Who is this friend- the one who is closer than a brother. Jesus?
Well, He is that to us, yes. He's also our Brother by the grace of our adoption (Romans 8:29).
The explicit context of the passage in the Proverbs is, as others have mentioned, about how one may have a lot of friends but come to ruin, but there are those who are truly committed friends, closer than blood, because they stick with us through everything. There is a similar sentiment found in the way the Greeks conceived of that kind of love which they called philia, which was contrasted with storge (empathetic bond, such as between parents and their children, or between natural siblings), philia was an intentional bond between equals, walking with someone else out of the choice to stand and be with them; Aristotle considered philia the greatest kind of love because it surpassed the natural affections and empathy to a deliberate way of living, to, as it were, choose to be as family to someone though without any compulsion due to blood ties.
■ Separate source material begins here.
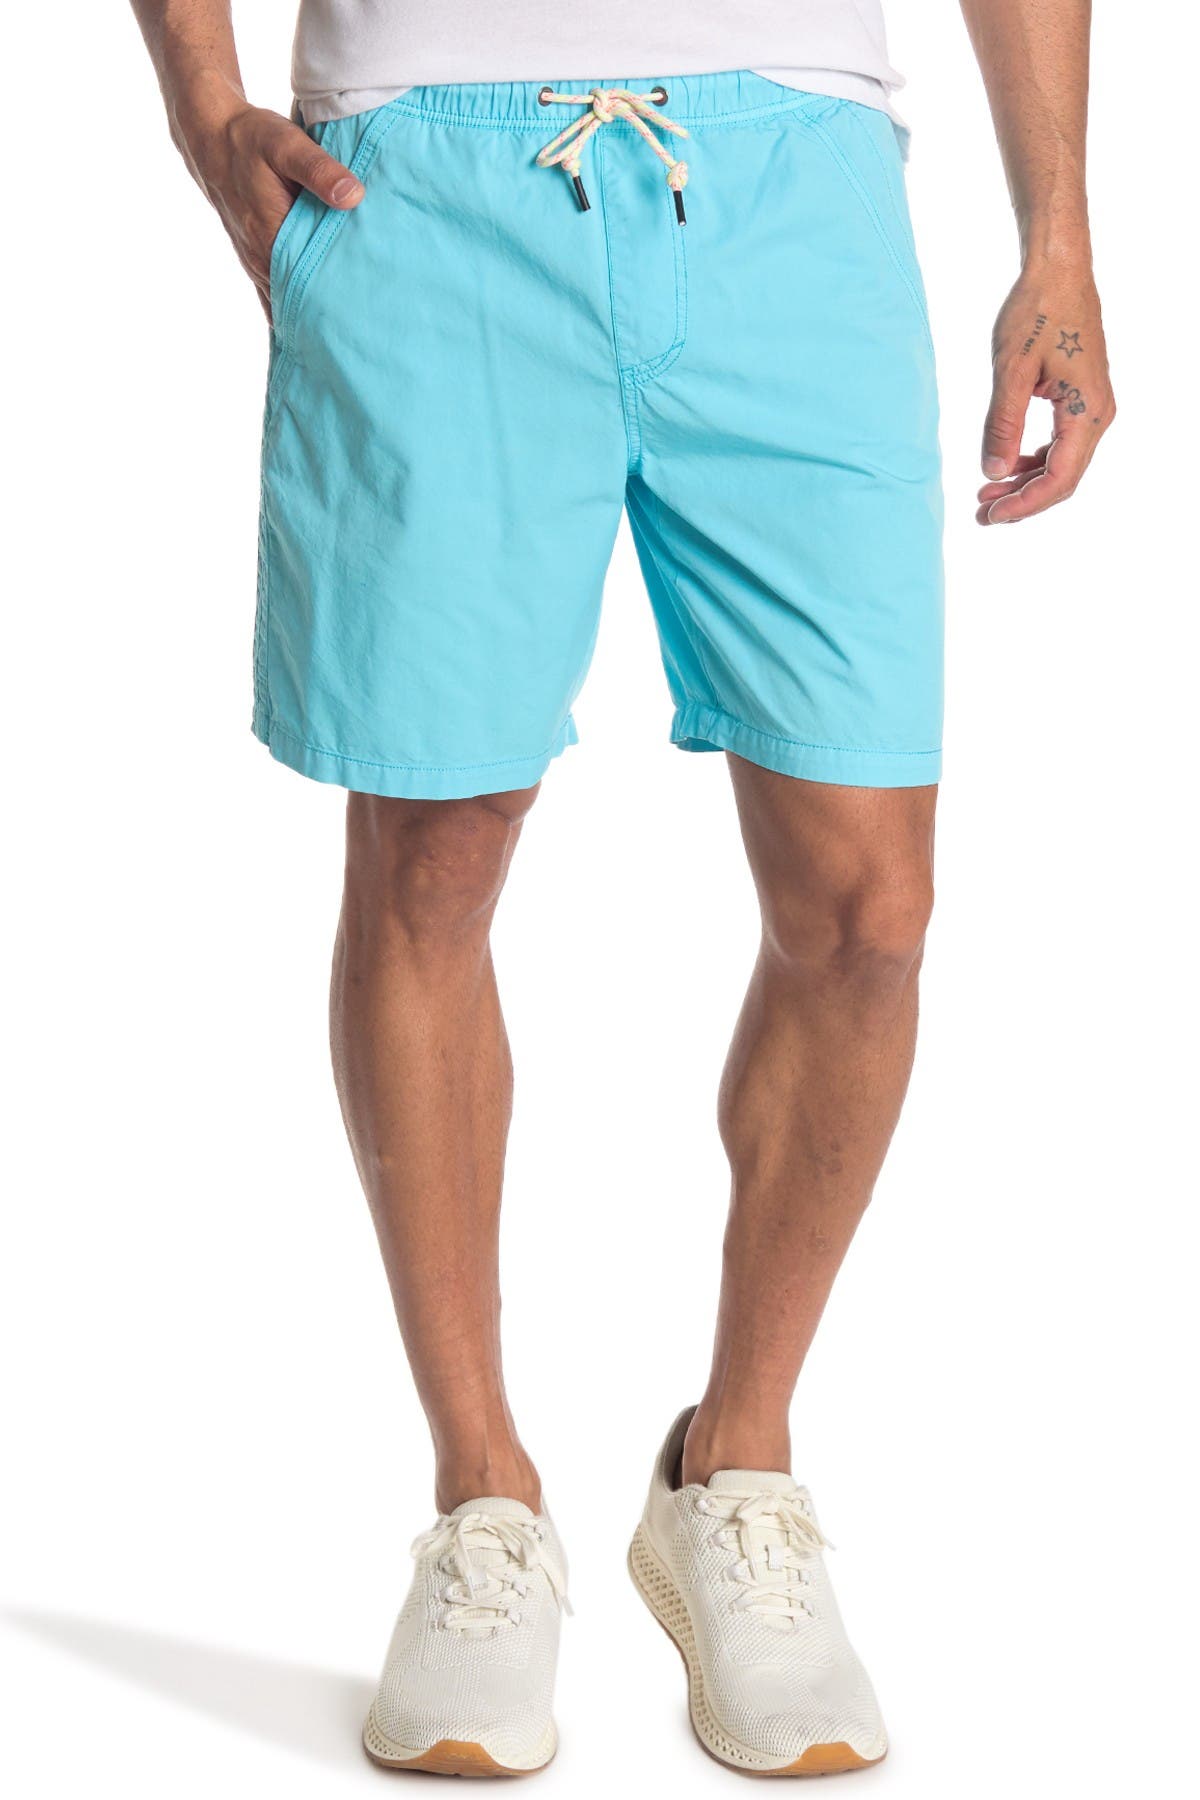 Union Denim Sun-sational Pull-on Woven Shorts In Light/pastel Blue9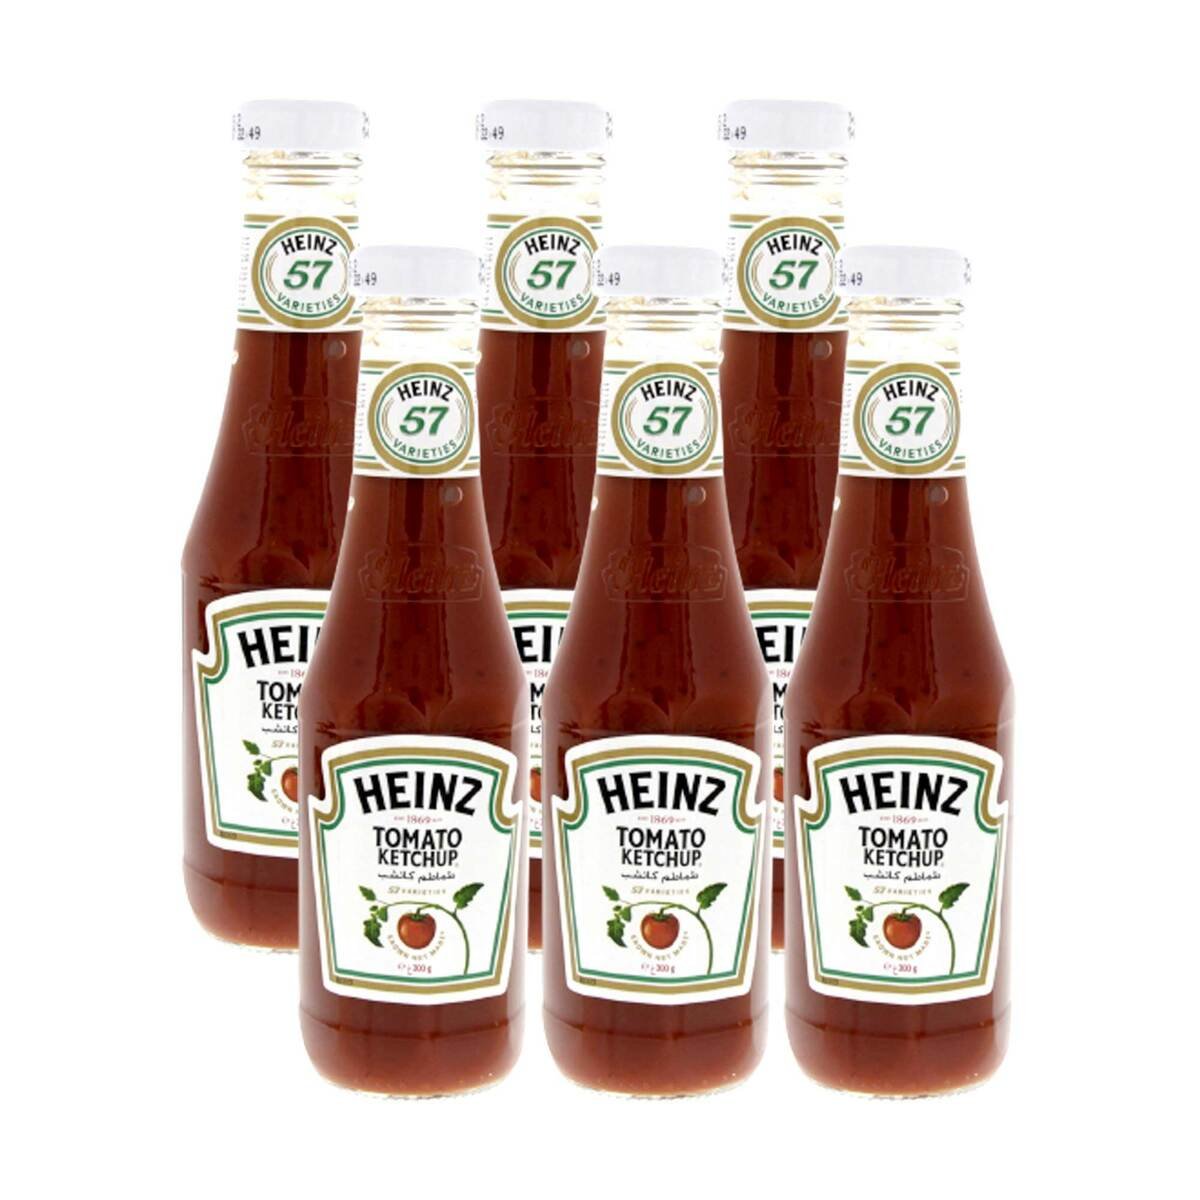 Heinz Tomato Ketchup 6 x 300g

A biblical example of this kind of love can be seen in the bond between David and Jonathan. They were not blood-kin, but they were devoted to one another as though they were brothers. That's philia, and that's the kind of friendship that is "closer than a brother" which the Proverbs speak of.
We see the ultimate expression of this in Jesus, who said to His disciples,
"
Greater love has no one than this, that someone lay down their life for their friends. You are My friends if you do what I have commanded you. No longer do I call you servants, for the servant does not know what his master is doing; but I have called you friends, for all that I have heard from My Father I have made known to you. You did not choose Me, but I chose you," - John 15:13-16a
We also read that God chose Abraham to be His friend (2 Chronicles 20:7, Isaiah 41:8, James 2:23).
God, in Christ, has deigned to call us friends and brothers. And so it is in Christ that we truly find the fullest expression of the brotherly and friendly heart of God, a kinship with us closer than our own blood by His grace and kindness toward us, in laying down His life for us and bringing us into peace and reconciliation with God.